Available data ::
*** Begin section ***
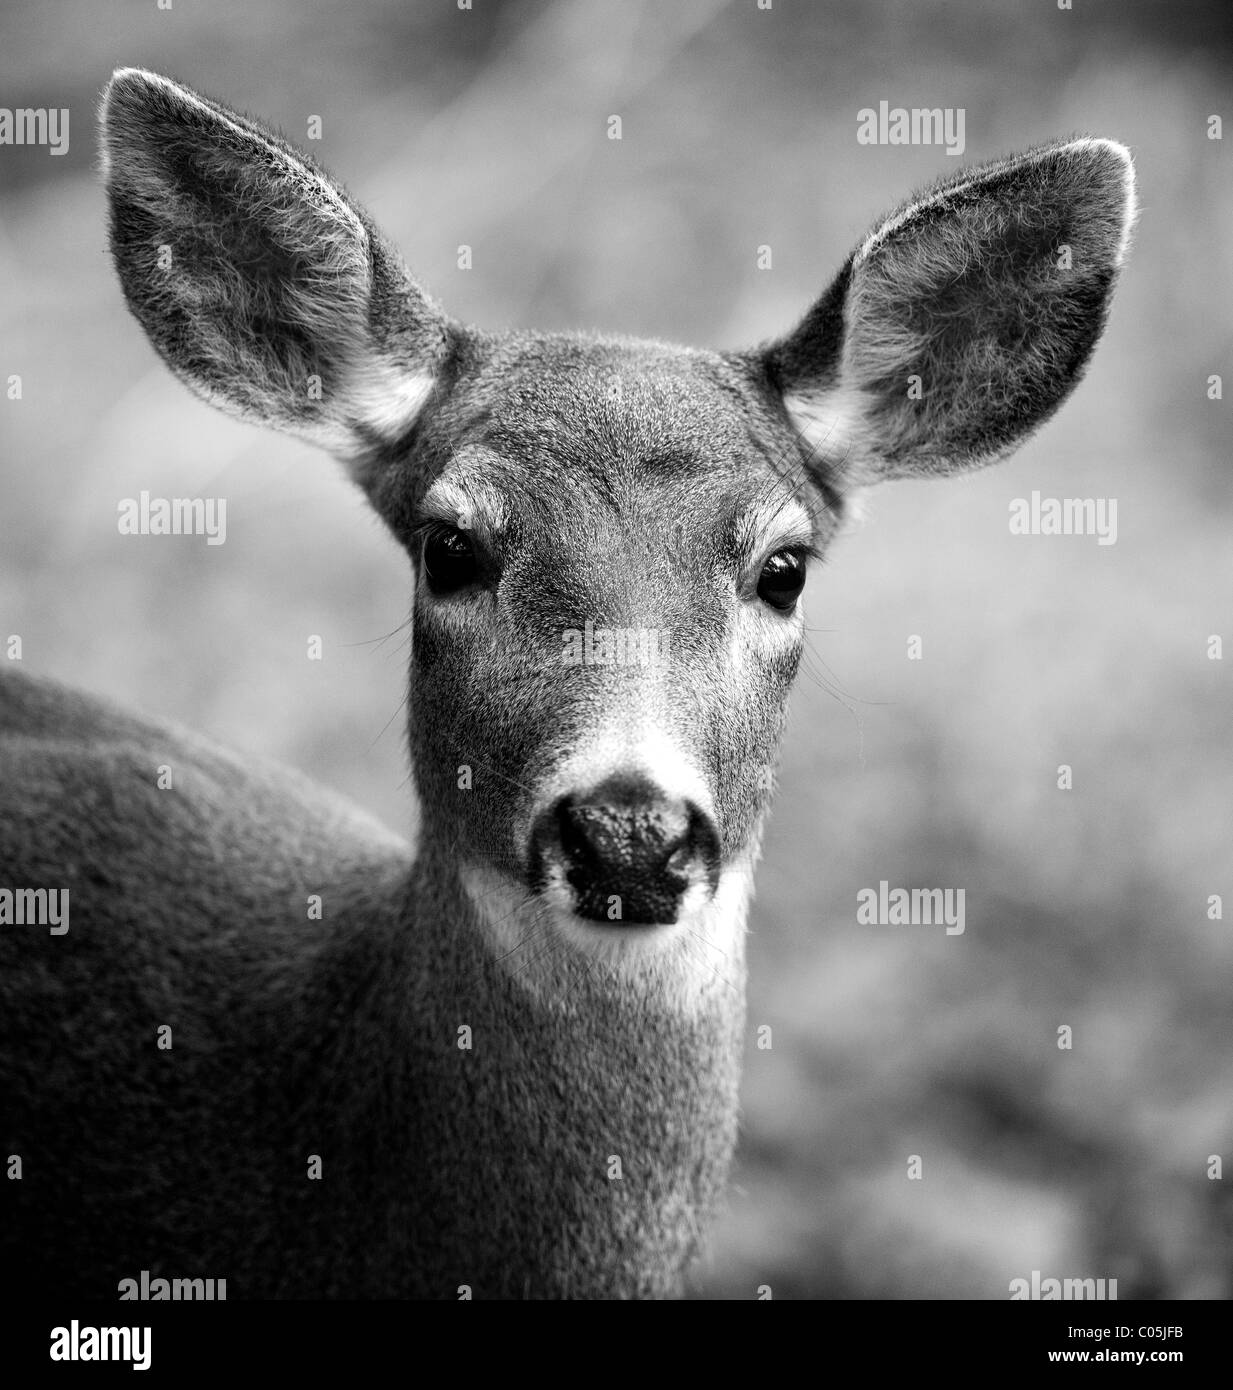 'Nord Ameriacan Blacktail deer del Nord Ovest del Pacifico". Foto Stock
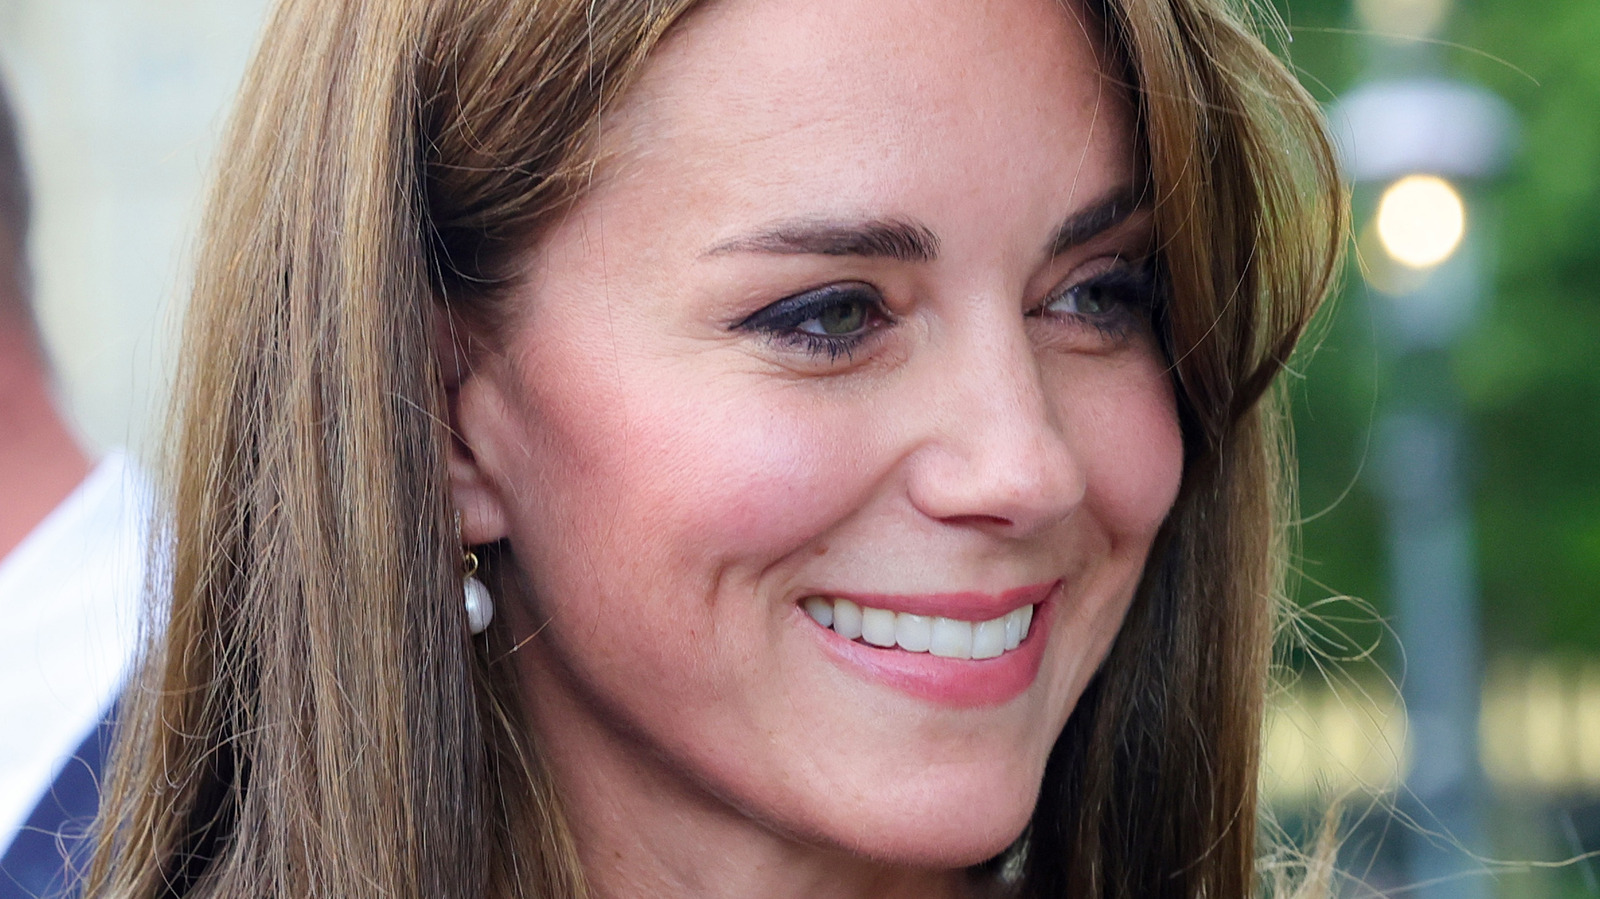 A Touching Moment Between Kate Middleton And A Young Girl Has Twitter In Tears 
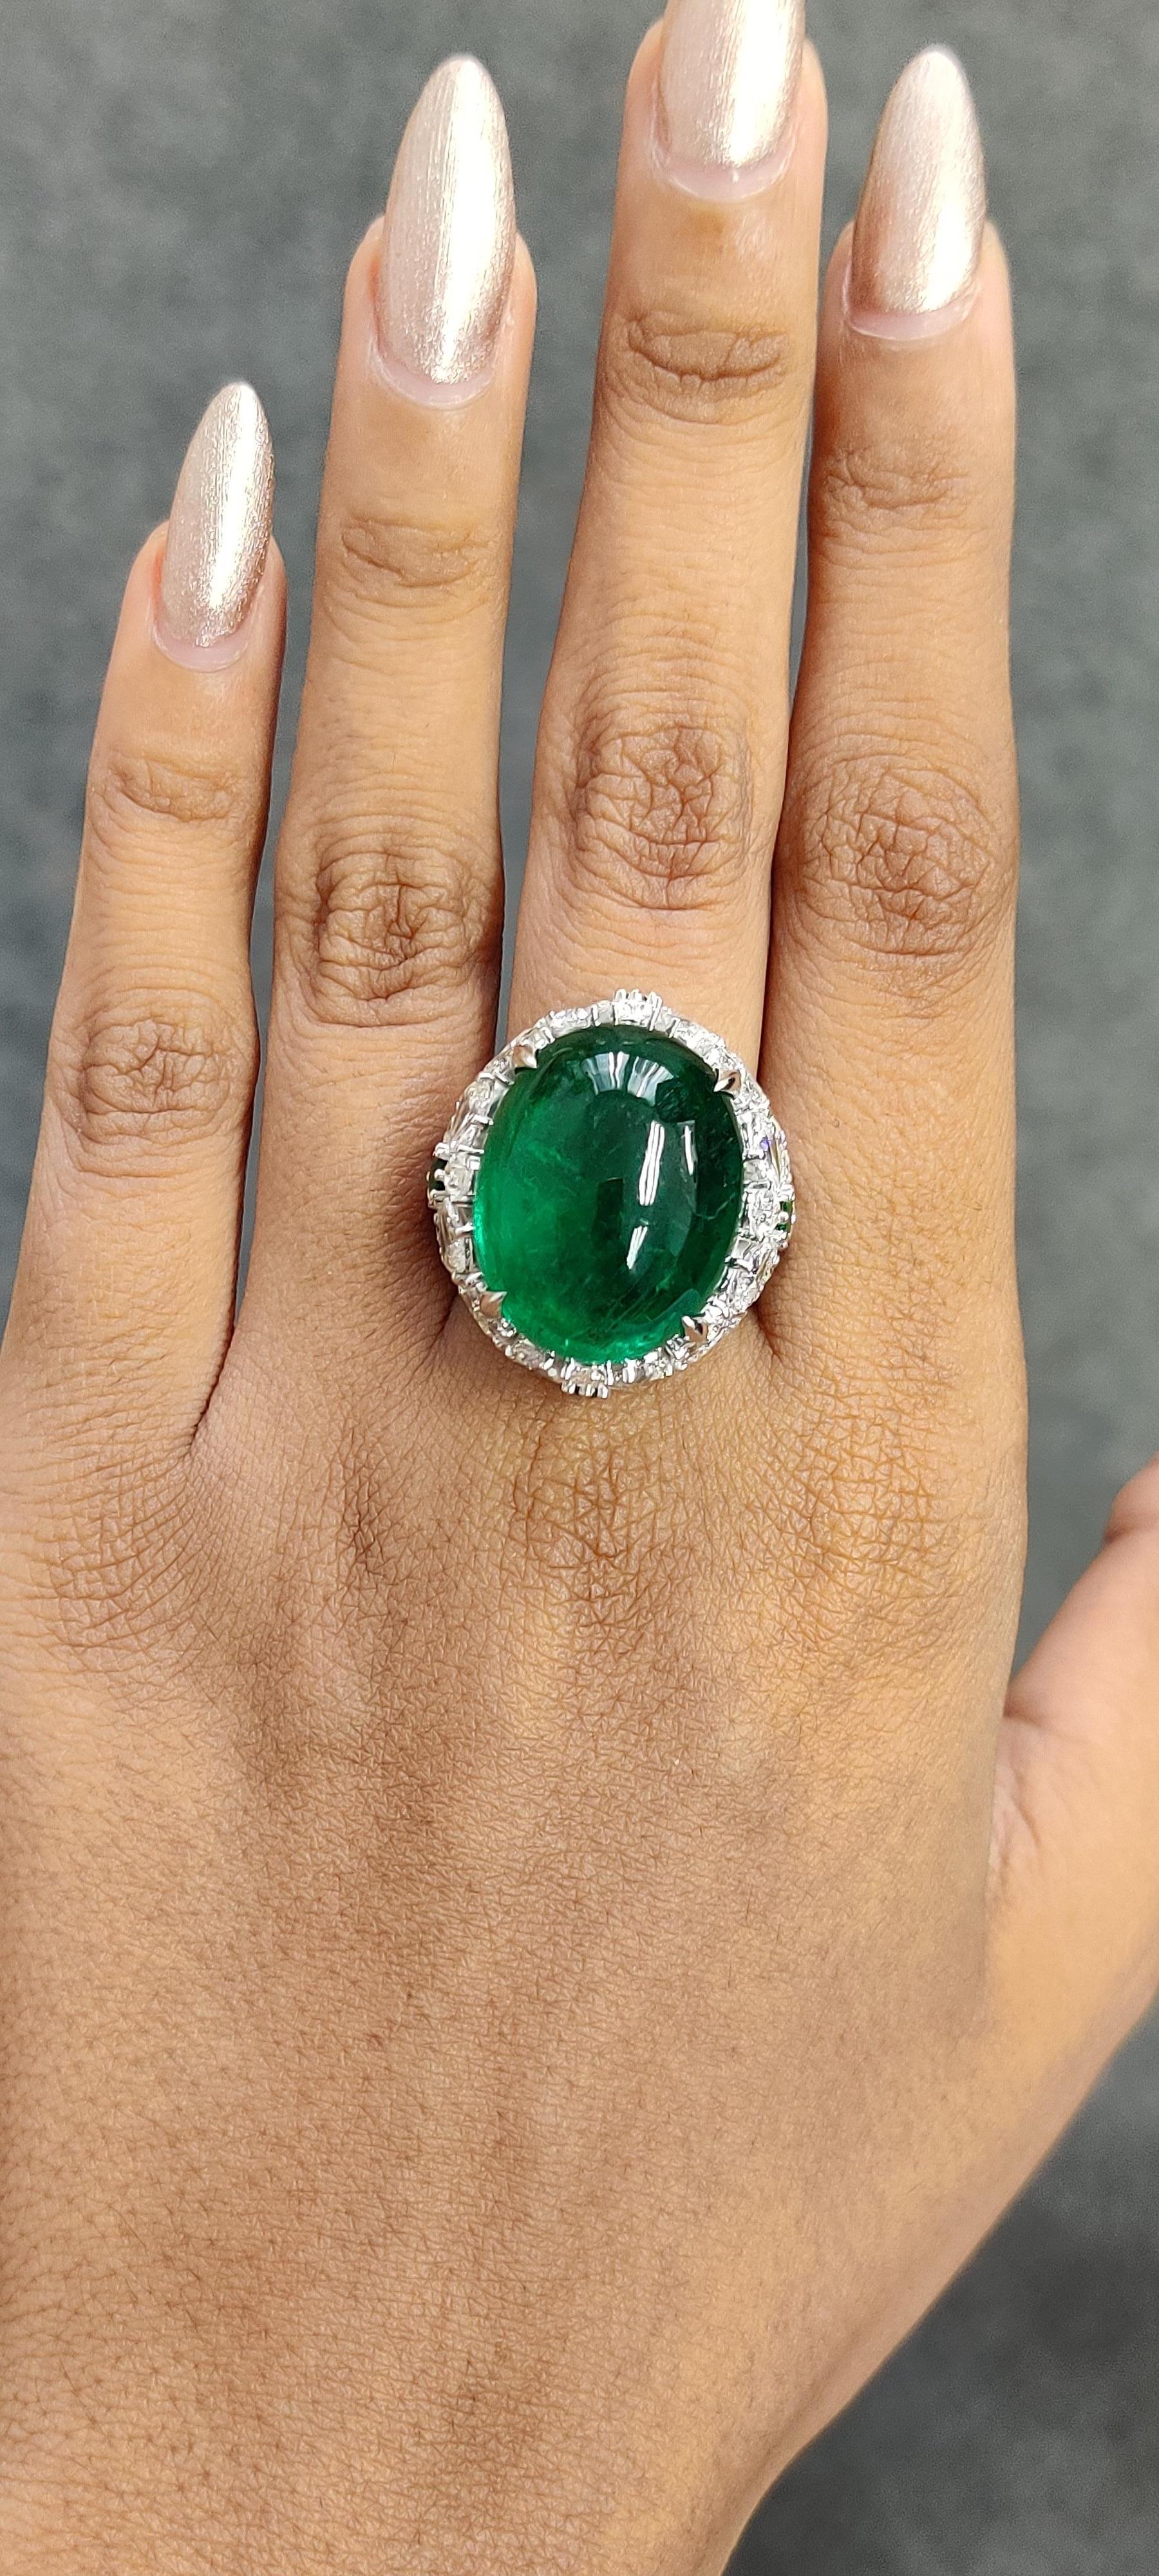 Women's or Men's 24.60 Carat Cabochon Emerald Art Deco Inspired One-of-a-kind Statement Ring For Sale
*** End section ***
In your copy, the listing above should appear word for word, with no images.

Answer box ::
 'Nord Ameriacan Blacktail deer del Nord Ovest del Pacifico". Foto Stock
 A Touching Moment Between Kate Middleton And A Young Girl Has Twitter In Tears 
 Women's or Men's 24.60 Carat Cabochon Emerald Art Deco Inspired One-of-a-kind Statement Ring For Sale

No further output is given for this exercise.